- TASK BRIEF: Take the lines below beginning at the line that has "Jarware 82653 Metal" and stopping after the line that has "Cheap Carrera Carrera", and print them exactly as they are, with no other lines.

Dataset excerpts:
※
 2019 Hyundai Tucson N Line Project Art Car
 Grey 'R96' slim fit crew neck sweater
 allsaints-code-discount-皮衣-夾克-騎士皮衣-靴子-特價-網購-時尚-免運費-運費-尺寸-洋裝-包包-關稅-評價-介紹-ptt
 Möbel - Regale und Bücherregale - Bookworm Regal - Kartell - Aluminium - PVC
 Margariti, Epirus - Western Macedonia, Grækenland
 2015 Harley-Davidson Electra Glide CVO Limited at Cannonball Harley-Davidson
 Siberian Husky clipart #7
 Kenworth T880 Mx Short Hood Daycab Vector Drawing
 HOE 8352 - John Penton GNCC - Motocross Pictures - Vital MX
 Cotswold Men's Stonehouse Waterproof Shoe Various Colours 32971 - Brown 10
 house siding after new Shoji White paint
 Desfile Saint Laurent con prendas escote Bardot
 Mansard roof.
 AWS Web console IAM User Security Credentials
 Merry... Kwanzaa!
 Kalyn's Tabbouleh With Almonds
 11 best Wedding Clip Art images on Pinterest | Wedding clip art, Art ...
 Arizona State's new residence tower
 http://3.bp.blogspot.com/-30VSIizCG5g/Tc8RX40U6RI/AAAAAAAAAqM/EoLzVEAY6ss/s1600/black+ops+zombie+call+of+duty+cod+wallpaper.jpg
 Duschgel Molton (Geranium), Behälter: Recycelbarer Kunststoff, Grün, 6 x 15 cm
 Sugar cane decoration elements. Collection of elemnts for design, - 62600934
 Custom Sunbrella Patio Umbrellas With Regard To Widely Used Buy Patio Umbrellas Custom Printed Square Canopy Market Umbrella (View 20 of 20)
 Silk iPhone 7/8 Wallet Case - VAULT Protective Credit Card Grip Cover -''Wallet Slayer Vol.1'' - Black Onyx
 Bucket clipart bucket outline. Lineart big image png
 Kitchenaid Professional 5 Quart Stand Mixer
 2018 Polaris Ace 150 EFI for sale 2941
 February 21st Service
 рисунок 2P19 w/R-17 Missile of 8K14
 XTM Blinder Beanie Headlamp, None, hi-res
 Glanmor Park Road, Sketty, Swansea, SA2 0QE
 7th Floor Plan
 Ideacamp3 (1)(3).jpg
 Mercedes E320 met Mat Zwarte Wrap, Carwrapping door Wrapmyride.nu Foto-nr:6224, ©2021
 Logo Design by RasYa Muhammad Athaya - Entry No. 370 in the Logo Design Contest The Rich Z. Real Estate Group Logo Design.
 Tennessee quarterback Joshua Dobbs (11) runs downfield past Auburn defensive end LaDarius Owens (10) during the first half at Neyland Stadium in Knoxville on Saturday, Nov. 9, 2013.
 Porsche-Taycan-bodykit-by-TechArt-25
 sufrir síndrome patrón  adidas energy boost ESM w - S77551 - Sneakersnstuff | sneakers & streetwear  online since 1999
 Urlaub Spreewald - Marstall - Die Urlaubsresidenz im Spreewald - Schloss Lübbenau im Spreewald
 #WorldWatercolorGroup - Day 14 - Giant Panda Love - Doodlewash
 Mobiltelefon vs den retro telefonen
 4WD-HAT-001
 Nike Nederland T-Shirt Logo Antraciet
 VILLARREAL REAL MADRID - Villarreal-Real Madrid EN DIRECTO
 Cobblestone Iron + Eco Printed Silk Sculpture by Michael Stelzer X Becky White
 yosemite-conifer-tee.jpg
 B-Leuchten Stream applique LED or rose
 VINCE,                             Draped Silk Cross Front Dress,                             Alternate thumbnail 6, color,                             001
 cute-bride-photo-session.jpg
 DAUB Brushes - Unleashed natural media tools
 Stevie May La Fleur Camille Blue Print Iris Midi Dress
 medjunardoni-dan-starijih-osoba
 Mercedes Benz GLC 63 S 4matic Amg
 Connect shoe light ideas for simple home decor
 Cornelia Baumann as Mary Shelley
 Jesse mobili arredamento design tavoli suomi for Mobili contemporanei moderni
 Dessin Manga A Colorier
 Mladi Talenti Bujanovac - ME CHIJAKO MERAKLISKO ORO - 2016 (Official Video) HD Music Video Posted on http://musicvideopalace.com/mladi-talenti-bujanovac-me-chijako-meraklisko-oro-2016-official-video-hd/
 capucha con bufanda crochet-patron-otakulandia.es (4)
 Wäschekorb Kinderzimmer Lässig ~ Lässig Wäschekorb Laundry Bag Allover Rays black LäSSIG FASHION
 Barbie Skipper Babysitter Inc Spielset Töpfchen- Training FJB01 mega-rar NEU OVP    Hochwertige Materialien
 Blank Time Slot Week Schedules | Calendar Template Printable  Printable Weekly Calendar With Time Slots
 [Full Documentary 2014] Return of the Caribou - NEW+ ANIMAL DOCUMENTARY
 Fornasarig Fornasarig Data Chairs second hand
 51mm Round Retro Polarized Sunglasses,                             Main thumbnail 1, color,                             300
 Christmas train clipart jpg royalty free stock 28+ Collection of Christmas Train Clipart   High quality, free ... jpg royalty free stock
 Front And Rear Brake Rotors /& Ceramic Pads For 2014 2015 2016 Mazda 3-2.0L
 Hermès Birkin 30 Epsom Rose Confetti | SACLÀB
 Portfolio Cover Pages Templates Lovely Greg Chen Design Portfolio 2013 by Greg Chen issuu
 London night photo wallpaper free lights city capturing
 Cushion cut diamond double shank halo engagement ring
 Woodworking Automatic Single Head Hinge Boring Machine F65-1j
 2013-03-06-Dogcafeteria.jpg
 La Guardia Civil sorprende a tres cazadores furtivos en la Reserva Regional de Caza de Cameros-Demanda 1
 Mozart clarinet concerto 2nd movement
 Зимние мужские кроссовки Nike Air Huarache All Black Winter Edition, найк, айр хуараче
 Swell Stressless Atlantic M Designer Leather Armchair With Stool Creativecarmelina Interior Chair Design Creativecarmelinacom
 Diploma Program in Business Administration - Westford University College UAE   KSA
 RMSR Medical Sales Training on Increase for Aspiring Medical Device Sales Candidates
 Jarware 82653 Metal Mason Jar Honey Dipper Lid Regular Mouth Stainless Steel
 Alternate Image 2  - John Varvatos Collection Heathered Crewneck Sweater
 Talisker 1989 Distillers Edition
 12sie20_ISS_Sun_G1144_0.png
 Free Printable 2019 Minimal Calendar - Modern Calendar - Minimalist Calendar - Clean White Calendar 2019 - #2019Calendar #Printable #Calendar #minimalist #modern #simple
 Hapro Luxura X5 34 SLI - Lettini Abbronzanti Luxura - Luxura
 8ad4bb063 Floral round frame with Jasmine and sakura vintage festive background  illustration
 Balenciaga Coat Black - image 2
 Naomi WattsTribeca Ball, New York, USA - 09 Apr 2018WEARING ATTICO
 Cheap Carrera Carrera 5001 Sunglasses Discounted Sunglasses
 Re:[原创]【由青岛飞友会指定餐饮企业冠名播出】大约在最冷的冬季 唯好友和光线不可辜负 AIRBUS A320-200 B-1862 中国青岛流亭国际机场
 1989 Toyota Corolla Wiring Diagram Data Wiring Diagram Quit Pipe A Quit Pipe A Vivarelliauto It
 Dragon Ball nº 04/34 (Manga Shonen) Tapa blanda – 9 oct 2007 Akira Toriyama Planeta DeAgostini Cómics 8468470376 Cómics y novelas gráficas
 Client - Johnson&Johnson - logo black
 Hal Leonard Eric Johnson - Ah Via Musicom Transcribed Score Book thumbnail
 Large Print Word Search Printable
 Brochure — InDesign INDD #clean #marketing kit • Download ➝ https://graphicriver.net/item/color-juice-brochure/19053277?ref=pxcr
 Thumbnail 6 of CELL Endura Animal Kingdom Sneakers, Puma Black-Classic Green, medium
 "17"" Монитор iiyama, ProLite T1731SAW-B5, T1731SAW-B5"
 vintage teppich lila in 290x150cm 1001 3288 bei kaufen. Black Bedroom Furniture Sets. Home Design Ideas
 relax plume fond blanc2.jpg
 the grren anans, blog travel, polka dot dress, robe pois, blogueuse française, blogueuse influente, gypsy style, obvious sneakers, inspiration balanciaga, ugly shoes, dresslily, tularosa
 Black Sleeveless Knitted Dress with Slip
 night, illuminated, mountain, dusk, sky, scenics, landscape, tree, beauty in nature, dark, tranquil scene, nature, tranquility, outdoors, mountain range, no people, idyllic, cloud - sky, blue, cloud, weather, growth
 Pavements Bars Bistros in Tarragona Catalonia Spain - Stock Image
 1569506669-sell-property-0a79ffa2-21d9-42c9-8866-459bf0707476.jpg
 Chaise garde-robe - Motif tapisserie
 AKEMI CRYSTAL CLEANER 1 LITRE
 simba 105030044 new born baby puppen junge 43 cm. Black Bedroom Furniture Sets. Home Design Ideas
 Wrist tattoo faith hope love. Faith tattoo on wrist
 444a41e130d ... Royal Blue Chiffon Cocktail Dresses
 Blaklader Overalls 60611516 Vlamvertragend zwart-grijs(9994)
※
- SOLVED PROBLEM:
 Jarware 82653 Metal Mason Jar Honey Dipper Lid Regular Mouth Stainless Steel
 Alternate Image 2  - John Varvatos Collection Heathered Crewneck Sweater
 Talisker 1989 Distillers Edition
 12sie20_ISS_Sun_G1144_0.png
 Free Printable 2019 Minimal Calendar - Modern Calendar - Minimalist Calendar - Clean White Calendar 2019 - #2019Calendar #Printable #Calendar #minimalist #modern #simple
 Hapro Luxura X5 34 SLI - Lettini Abbronzanti Luxura - Luxura
 8ad4bb063 Floral round frame with Jasmine and sakura vintage festive background  illustration
 Balenciaga Coat Black - image 2
 Naomi WattsTribeca Ball, New York, USA - 09 Apr 2018WEARING ATTICO
 Cheap Carrera Carrera 5001 Sunglasses Discounted Sunglasses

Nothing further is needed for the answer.